POJ 3295：Tautology

Tautology

Time Limit: 1000MS		Memory Limit: 65536K
Total Submissions: 10482		Accepted: 3982

Description

WFF 'N PROOF is a logic game played with dice. Each die has six faces representing some subset of the possible symbols K, A, N, C, E, p, q, r, s, t. A Well-formed formula (WFF) is any string of these symbols obeying the following rules:

p, q, r, s, and t are WFFs
if w is a WFF, Nw is a WFF
if w and x are WFFs, Kwx, Awx, Cwx, and Ewx are WFFs.

The meaning of a WFF is defined as follows:

p, q, r, s, and t are logical variables that may take on the value 0 (false) or 1 (true).
K, A, N, C, E mean and, or, not, implies, and equals as defined in the truth table below.
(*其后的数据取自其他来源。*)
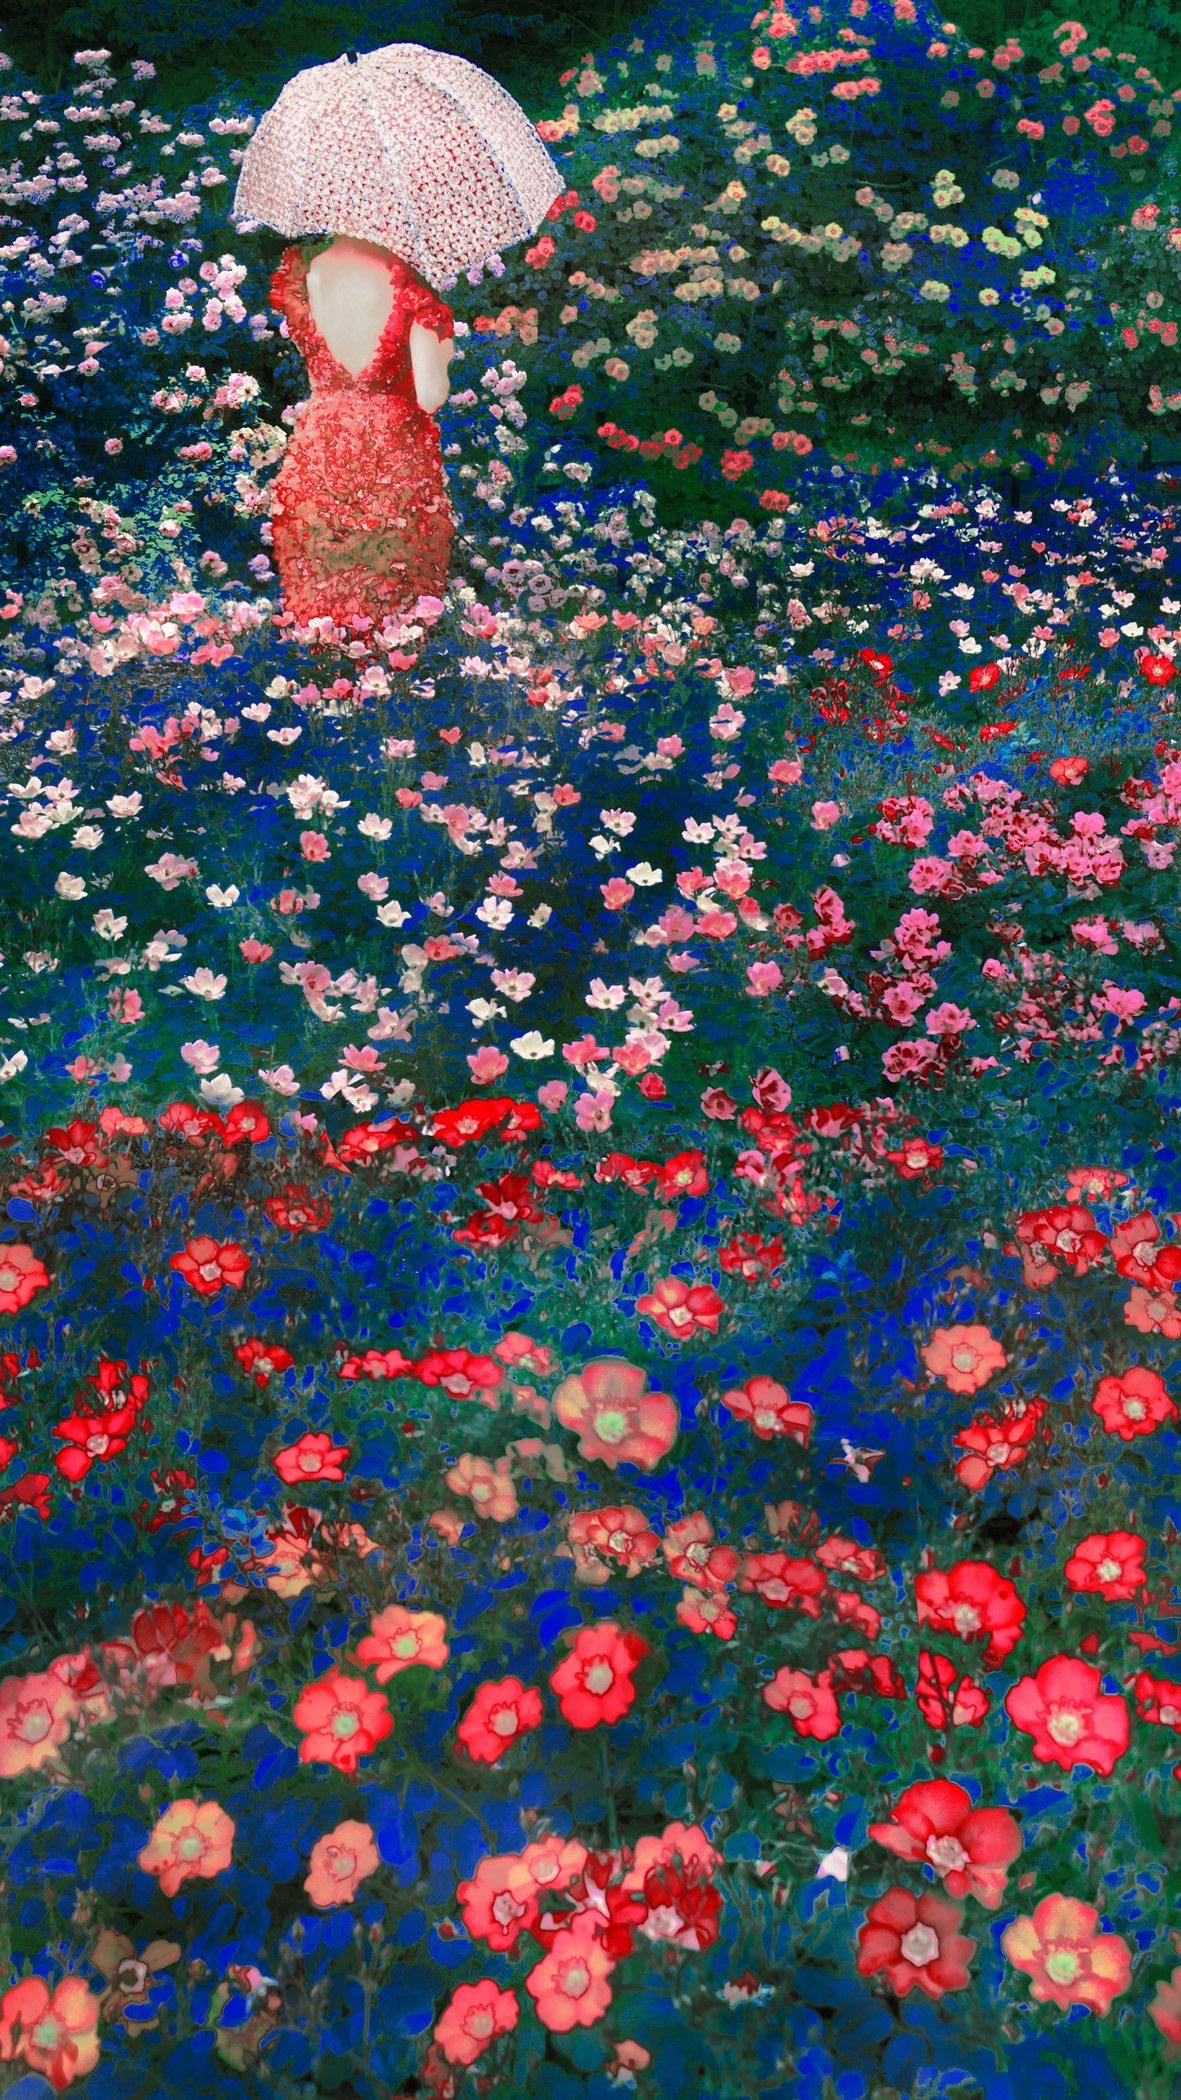 The Garden - 美国摄影师 Erik Madigan Heck 作品:花园
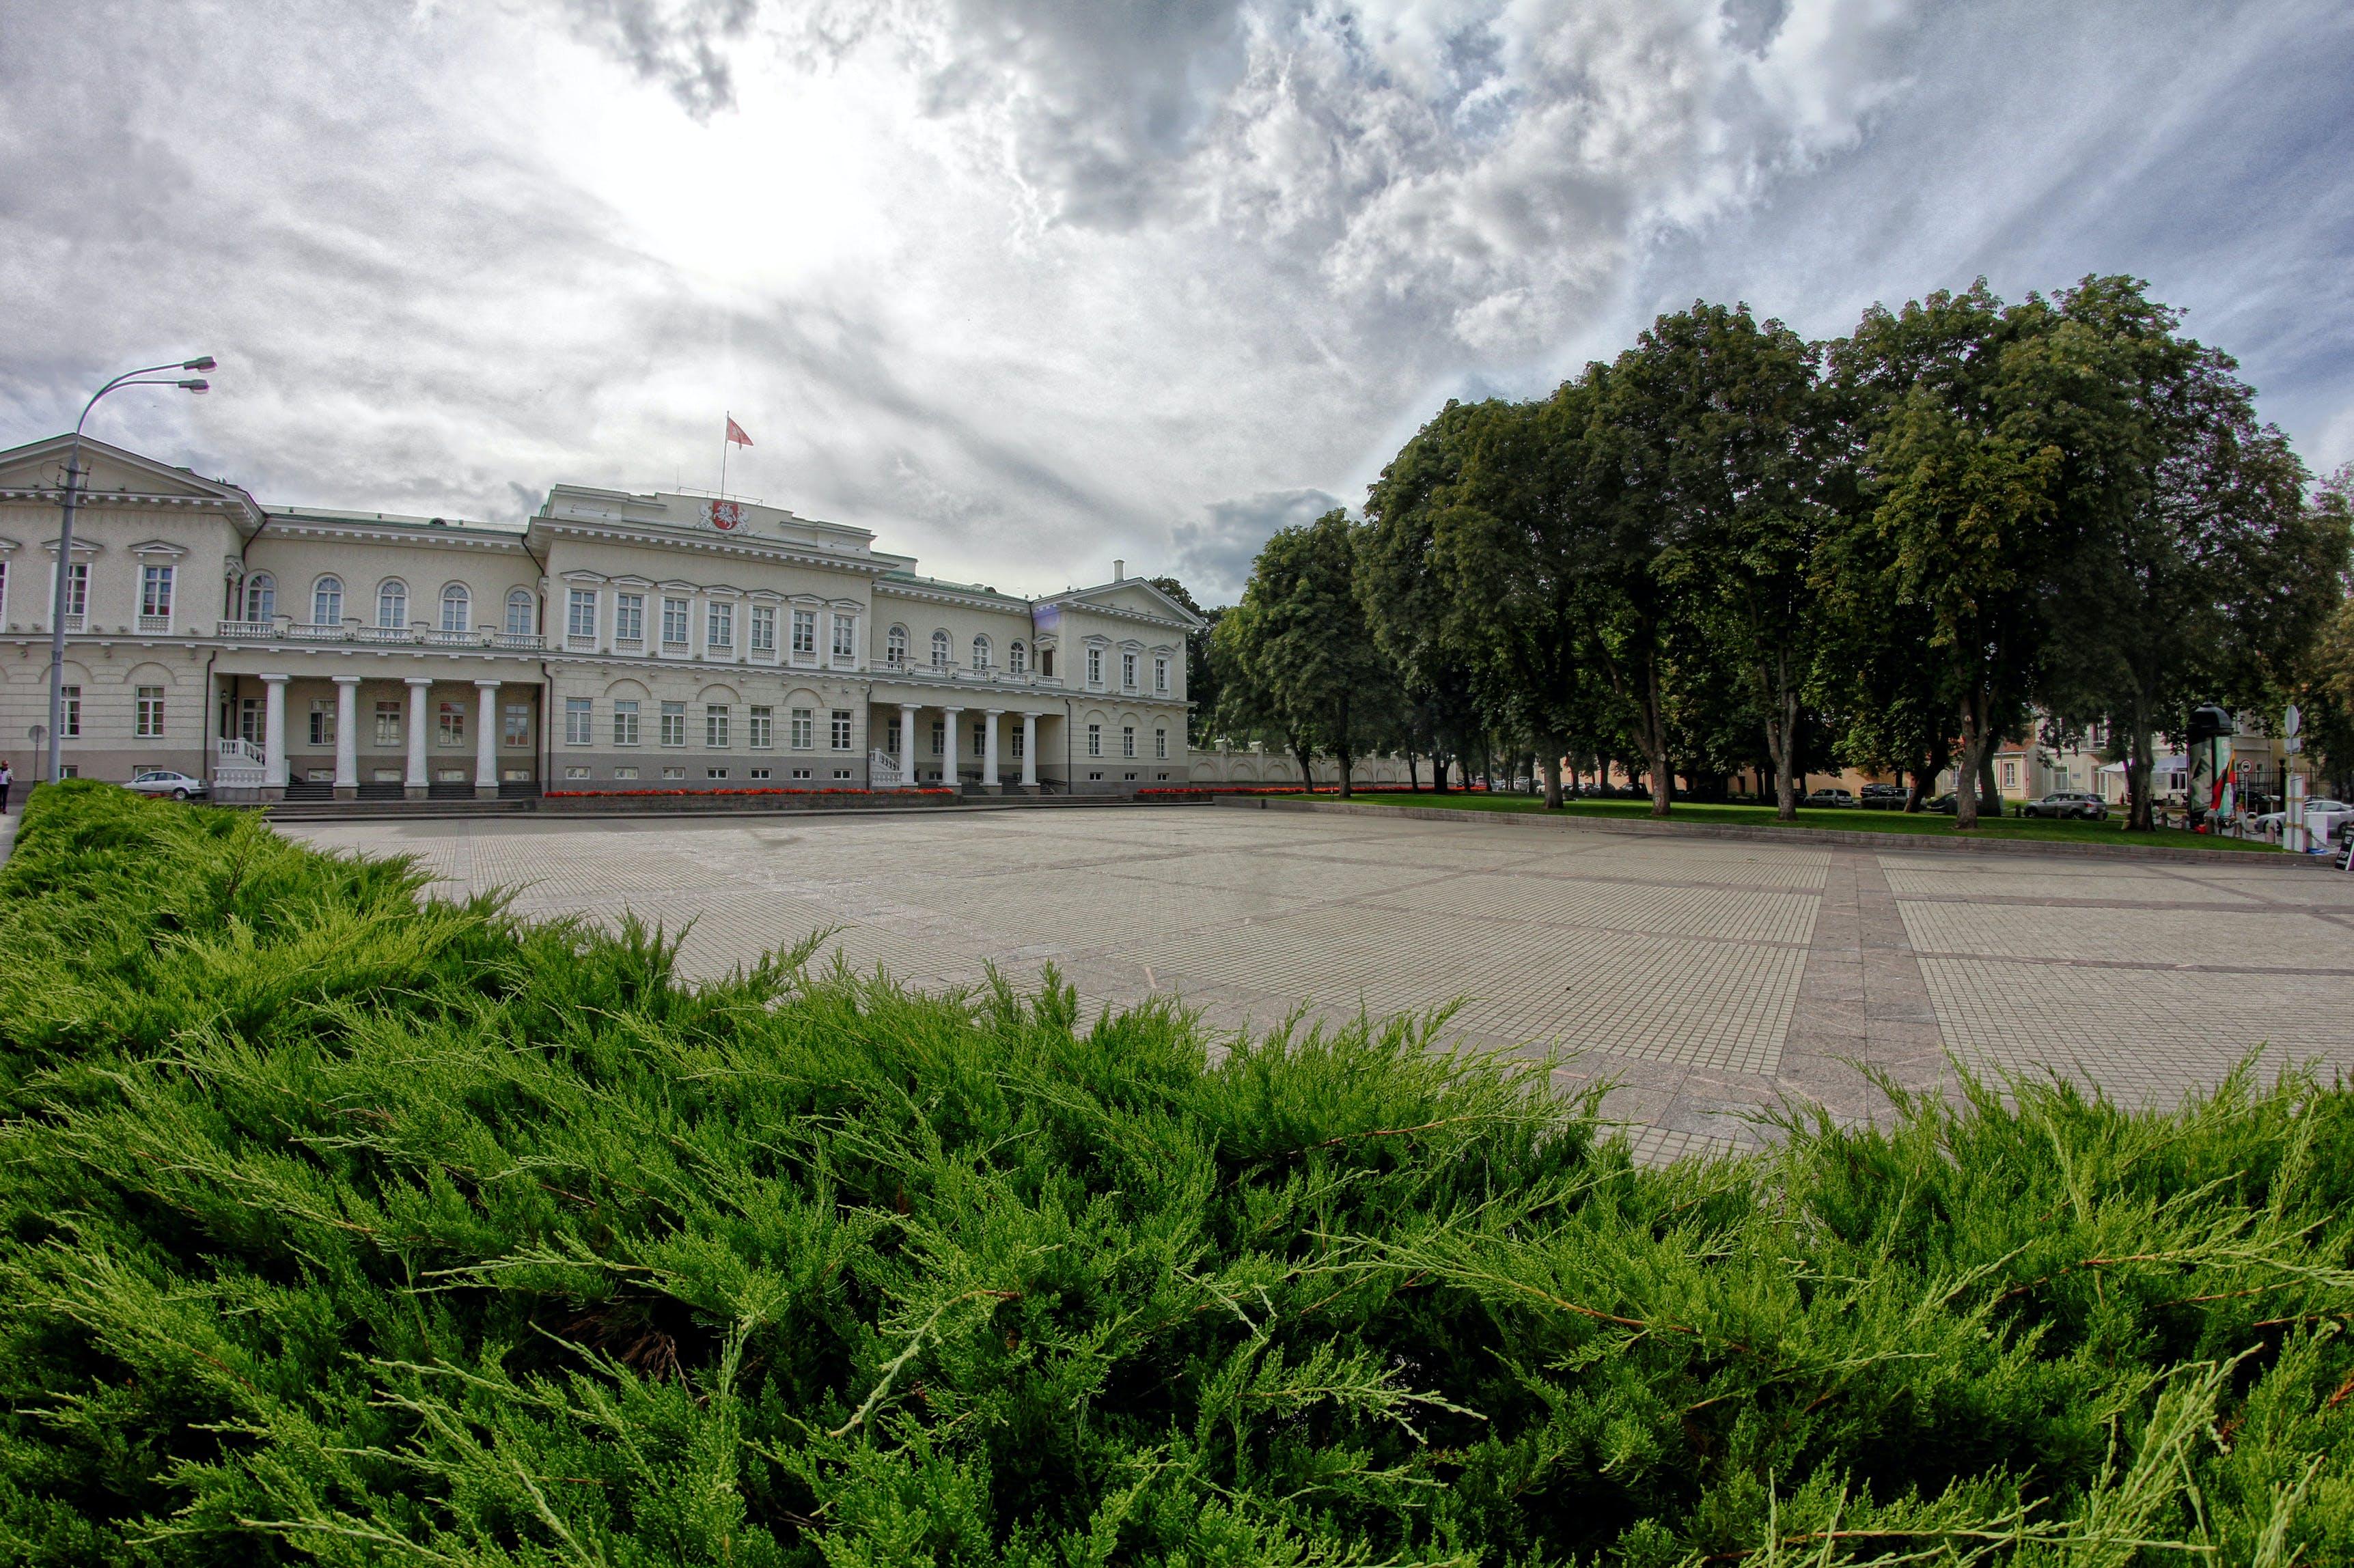 Free stock photo of Vilnius City Centre

Definitions of K, A, N, C, and E

w x	Kwx	Awx	Nw	Cwx	Ewx
1 1	1	1	0	1	1
1 0	0	1	0	0	0
0 1	0	1	1	1	0
0 0	0	0	1	1	1

A tautology is a WFF that has value 1 (true) regardless of the values of its variables. For example, ApNp is a tautology because it is true regardless of the value of p. On the other hand, ApNq is not, because it has the
value 0 for p=0, q=1.

You must determine whether or not a WFF is a tautology.

Input

Input consists of several test cases. Each test case is a single line containing a WFF with no more than 100 symbols. A line containing 0 follows the last case.

Output

For each test case, output a line containing tautology or not as appropriate.

Sample Input

ApNp
ApNq
0

Sample Output

tautology
not

这个题记得是离散数学里面的内容，题意是判断给定的字符串是不是永远为1，就是不管p、q、r、s、t取什么值，其结果都是1。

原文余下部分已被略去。